Salvador Dali as Mona lisa 1919

Bicycle Wheel, 1963. Readymade.

3 stoppages étalon (3 Standard Stoppages) 1913-14

The Bride Stripped Bare by Her Bachelors, Even (The Large Glass), 1915–23 Marcel Duchamp (French, 1887–1968) Oil, varnish, lead foil, lead wire, and dust on two glass panels; 109 1/4 x 69 1/4 in. (277.5 x 175.9 cm)

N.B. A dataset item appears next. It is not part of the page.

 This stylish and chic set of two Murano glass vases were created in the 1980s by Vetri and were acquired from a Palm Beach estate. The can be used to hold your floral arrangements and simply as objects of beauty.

Non-art created by non-artists, Dadaism through a wrench into everyone’s perceptions of what could be considered art and even what art essentially was.  It was launched in Zurich, Switzerland in 1916  but soon spread to the major cities in the world like New York and Paris to name a few.  A movement not only evident in art but also in literature, Dadaism was born as a response to the disgust held towards WWI.  Artists viewed the War as humanity breaking it’s traditions and slipping from its sanity and so as a response, they broke their traditions by creating “non-art since art (and everything else in the world) has no meaning, anyway.” ( There was a variety of mediums used in this genre, from paintings to Readymades which were essentially ordinary things, such as a urinal (Fountain).

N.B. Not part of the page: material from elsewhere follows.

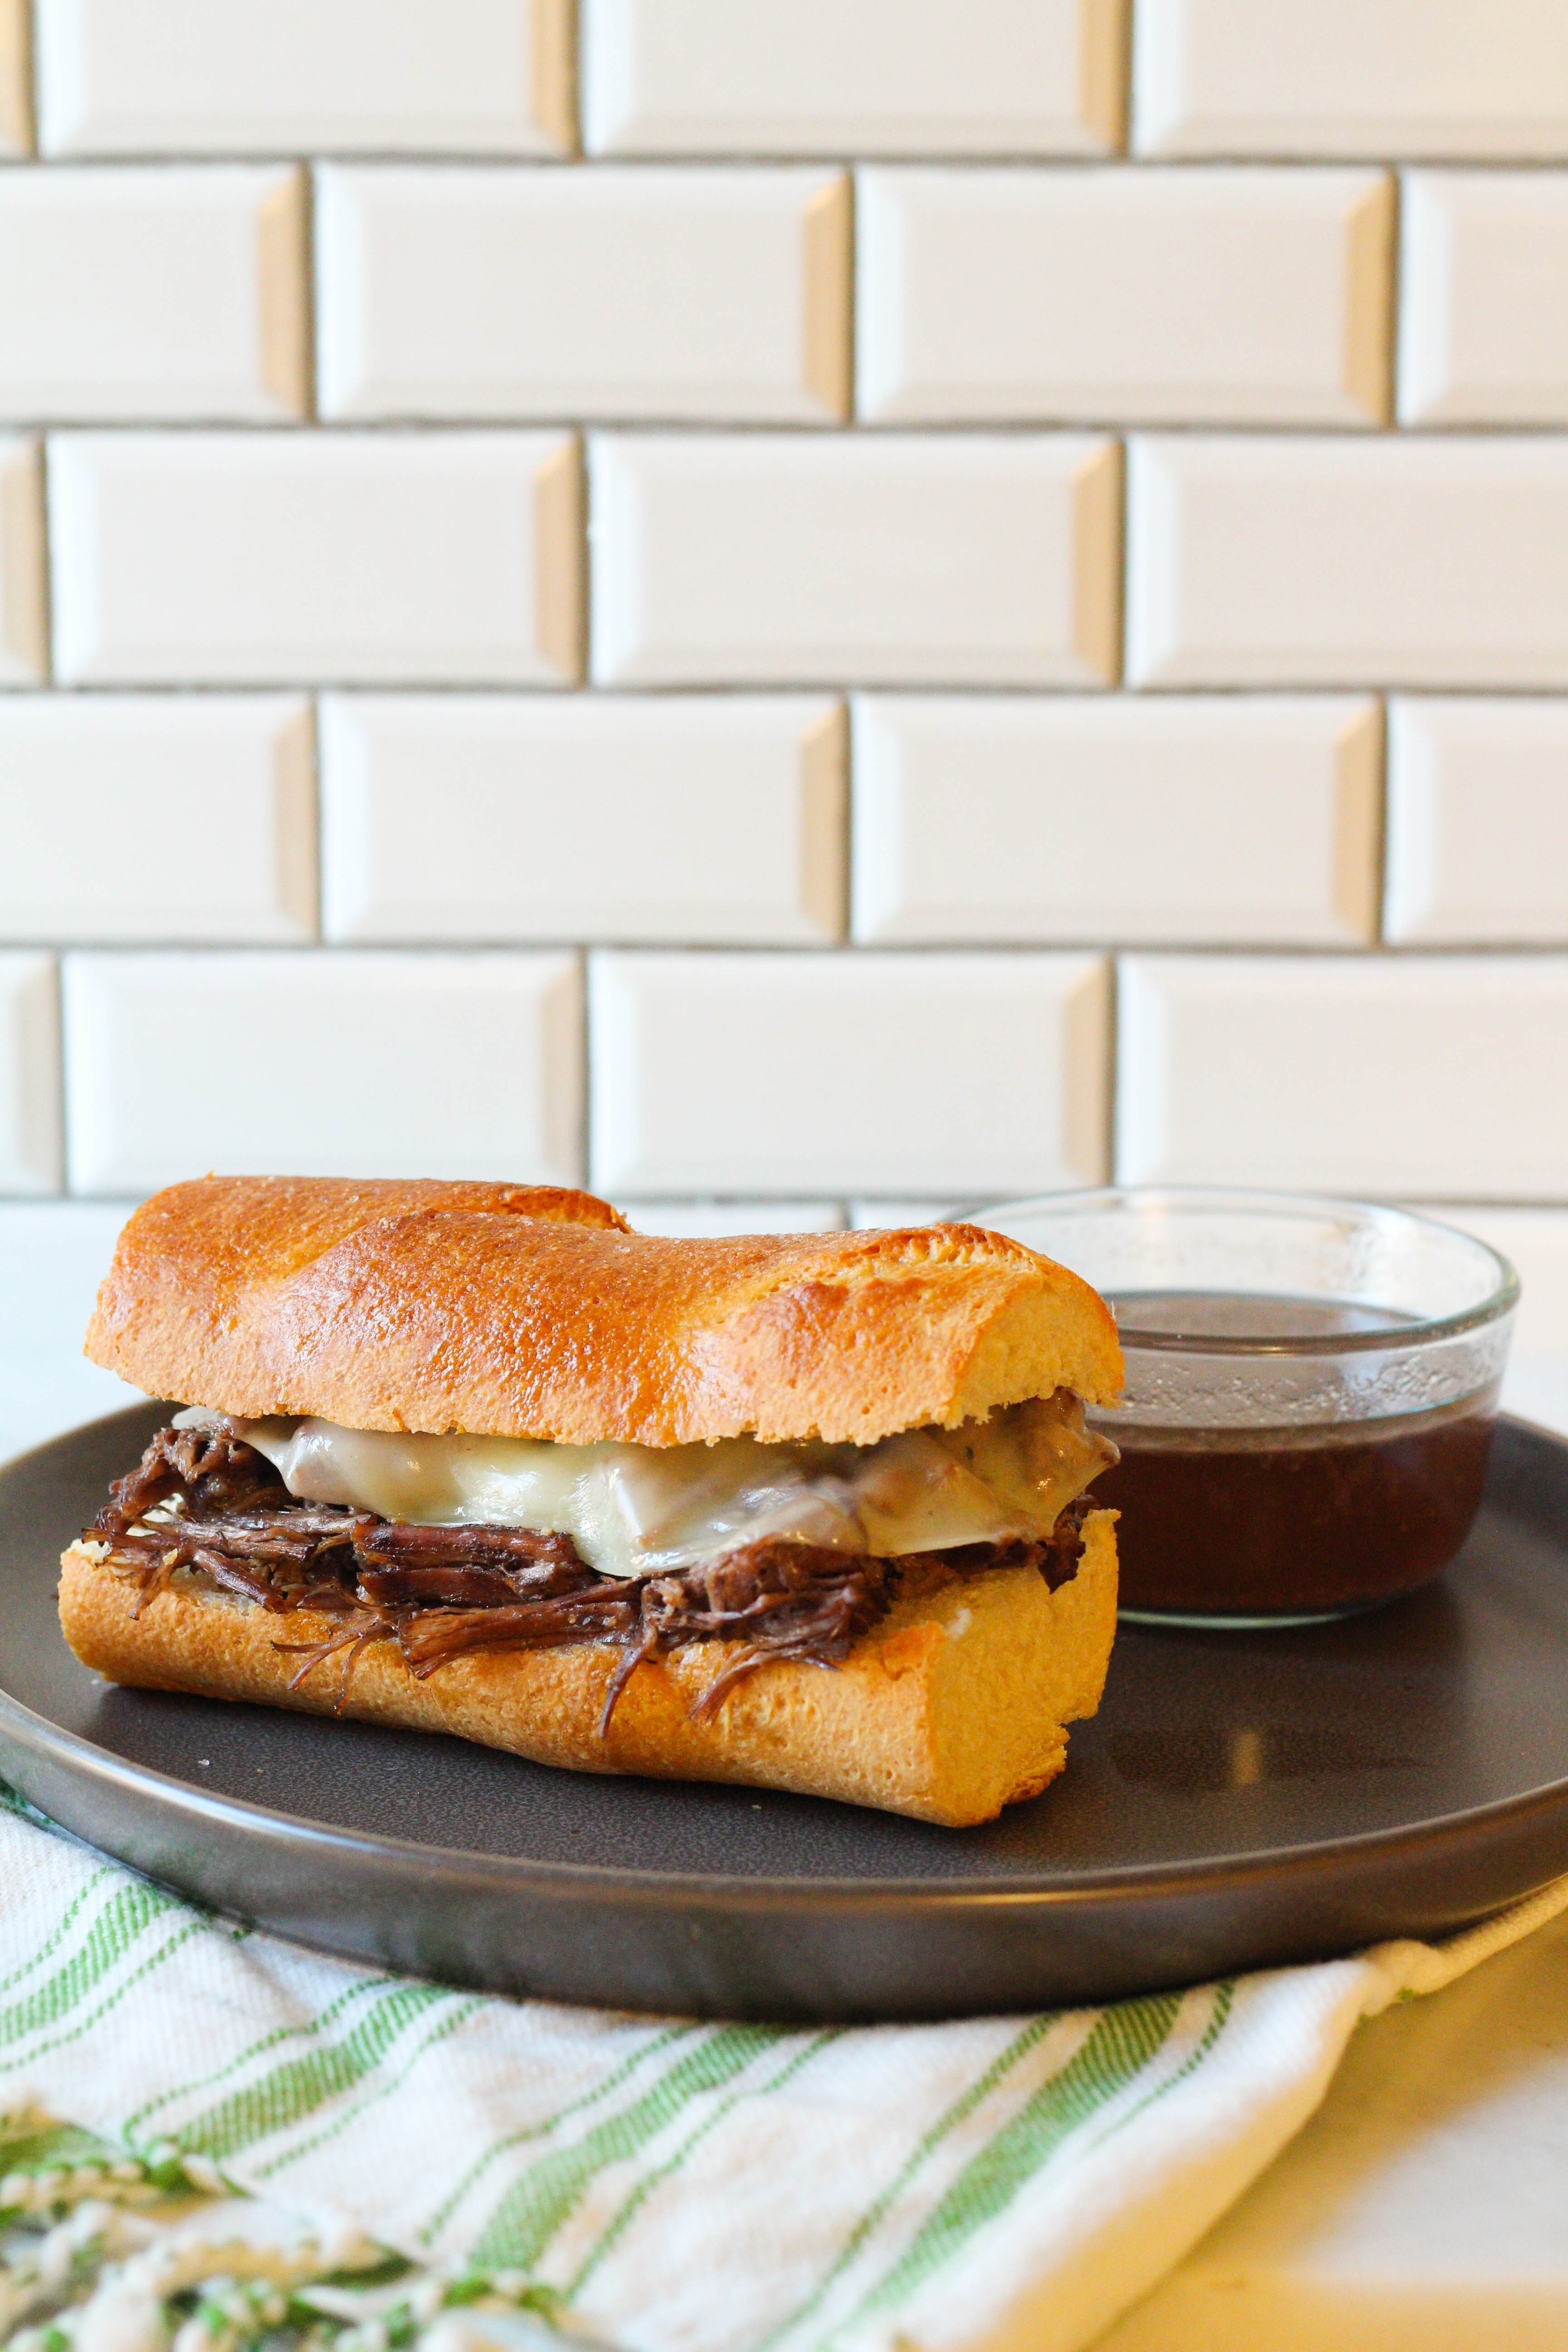 Instant Pot French Dip Sandwiches are a delicious weeknight dinner!

Duchamp was, like other Dadaist artists, inspired by the Great War and in Duchamp’s case, became very fond of mocking society as a whole.  He viewed earlier works as “retinal” art and wanted to change art from a solely visual experience to one that recruited the service of the mind.  This was apparent in his Readymade pieces such as Fountian, in which seeing the piece, which was simply a Urinal, clearly was not the point and instead the audience was forced to use its mind to try and understand what Duchamp had created, if it can even be said that he created something.

21st Century Comparison 

There seems to be no better 21st artist comparison to Duchamp than Yoko Ono.  A powerful force in the realm of art even at the ripe age of 81, Ono continues to push the envelope of what is art. At an art display in Liverpool in 2008, Ono presented Three Mounds and Skyladders which, true to its name, was a work of art that literally had three mounds of dirt and a bunch of ladders.  Although it occupied far more space, Three Mounds and Skyladders has the similar affect as Duchamp’s Fountain, which is that the audience can gain little solace from what they are seeing and must utilize their mental capacities to attempt to understand, if not deal with, what they are being told is art.

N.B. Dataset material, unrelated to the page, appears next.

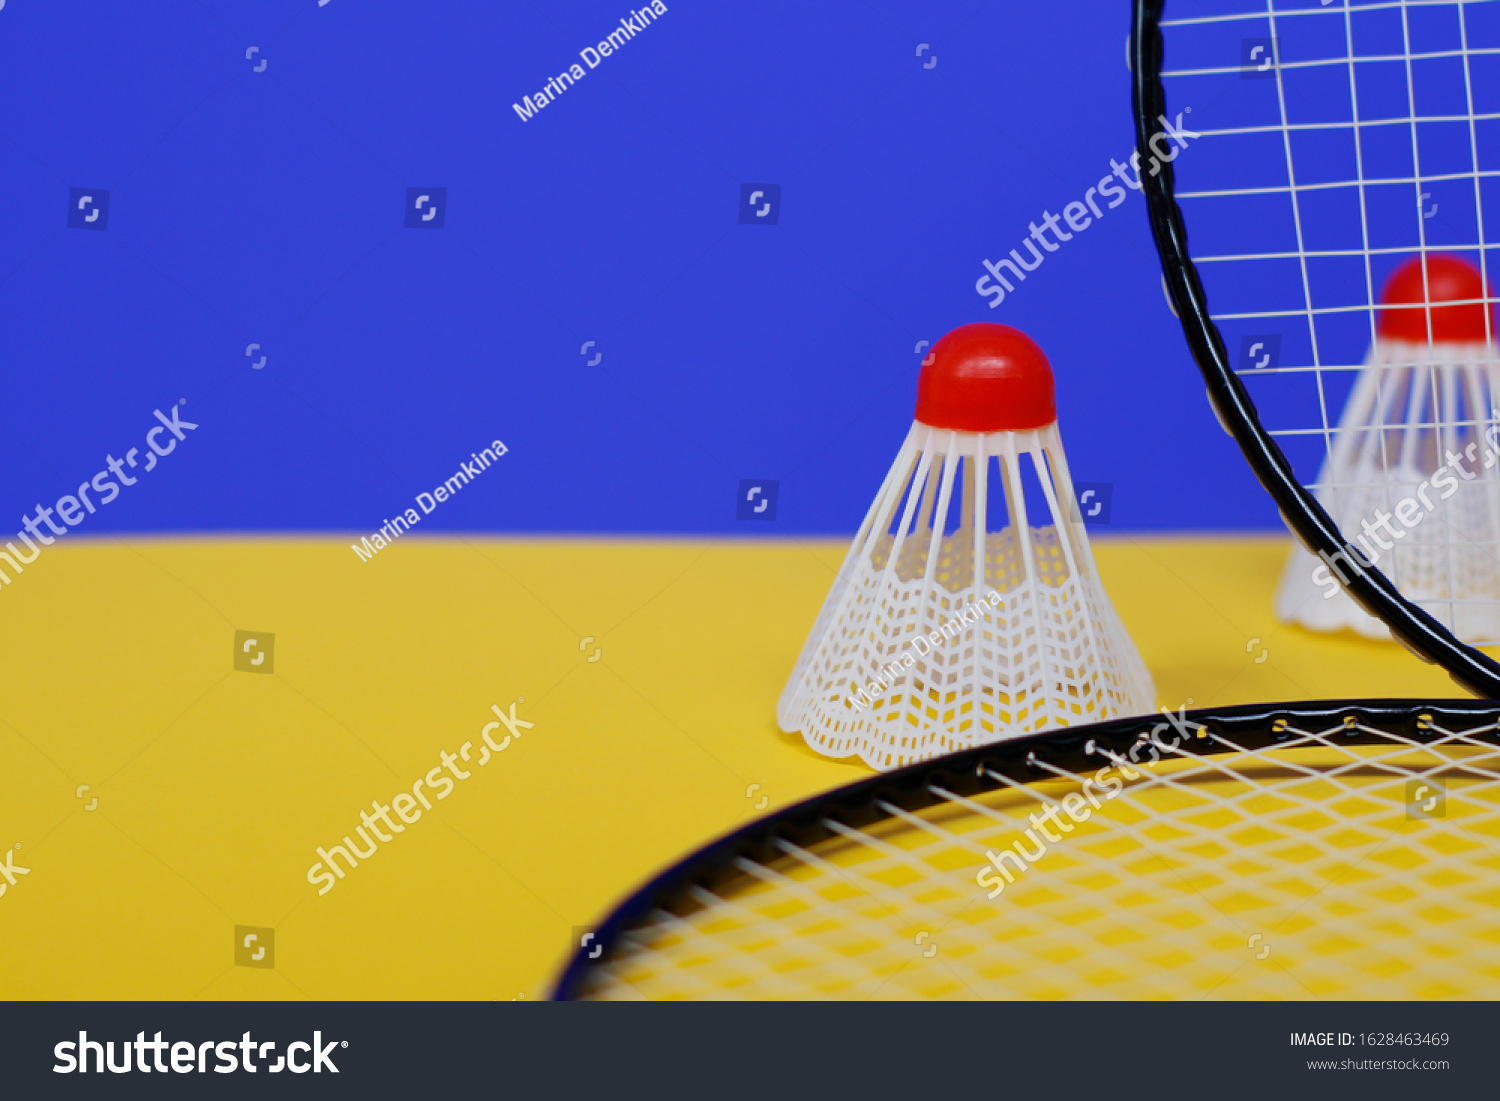 Badminton. Two shuttlecocks and two badminton racket. The colored background is blue and yellow. Idea for a magazine. #1628463469

Three Mounds and Skyladders (Could not find picture that included ladders) 2008 Dirt

Personal Reflection

Although I can understand what Duchamp and other artists of the Dadaist generation were trying to do, I can’t help but feel completely disconnected from the works and I feel a sense of disdain towards the artists for, how I would explain it, abusing their position/authority.  We look up to and revere artists because they see the world through unique lenses and can bring our attention to certain things in the human experience that are either too minute or to expansive for us to notice.  Because of this, I think there’s a sort of trust between the audience and the artist and their creation.  Artists, as the stereotype describes, can be some very eccentric people and us as the audience have to suspend our criticisms and try our best to be open minded when viewing a work of art.  But in the case of Dadaists, I feel that the artists are playing a trick on the audience, making us seem like babbling fools who are trying, when left looking at a urinal, to pull any sophisticated significance and ideas from what we are seeing when in fact it took the artist very little time to create the piece.  Although this aversion to the movement was exactly what the artists were going for, I’d like to think that artists understand that they are in an important position in the human world and that they would not try to dupe their audience, which is exactly where their profession depends on, an audience.


Rosenthal, Nan. “Marcel Duchamp (1887–1968)”. In Heilbrunn Timeline of Art History. New York: The Metropolitan Museum of Art, 2000–. (October 2004)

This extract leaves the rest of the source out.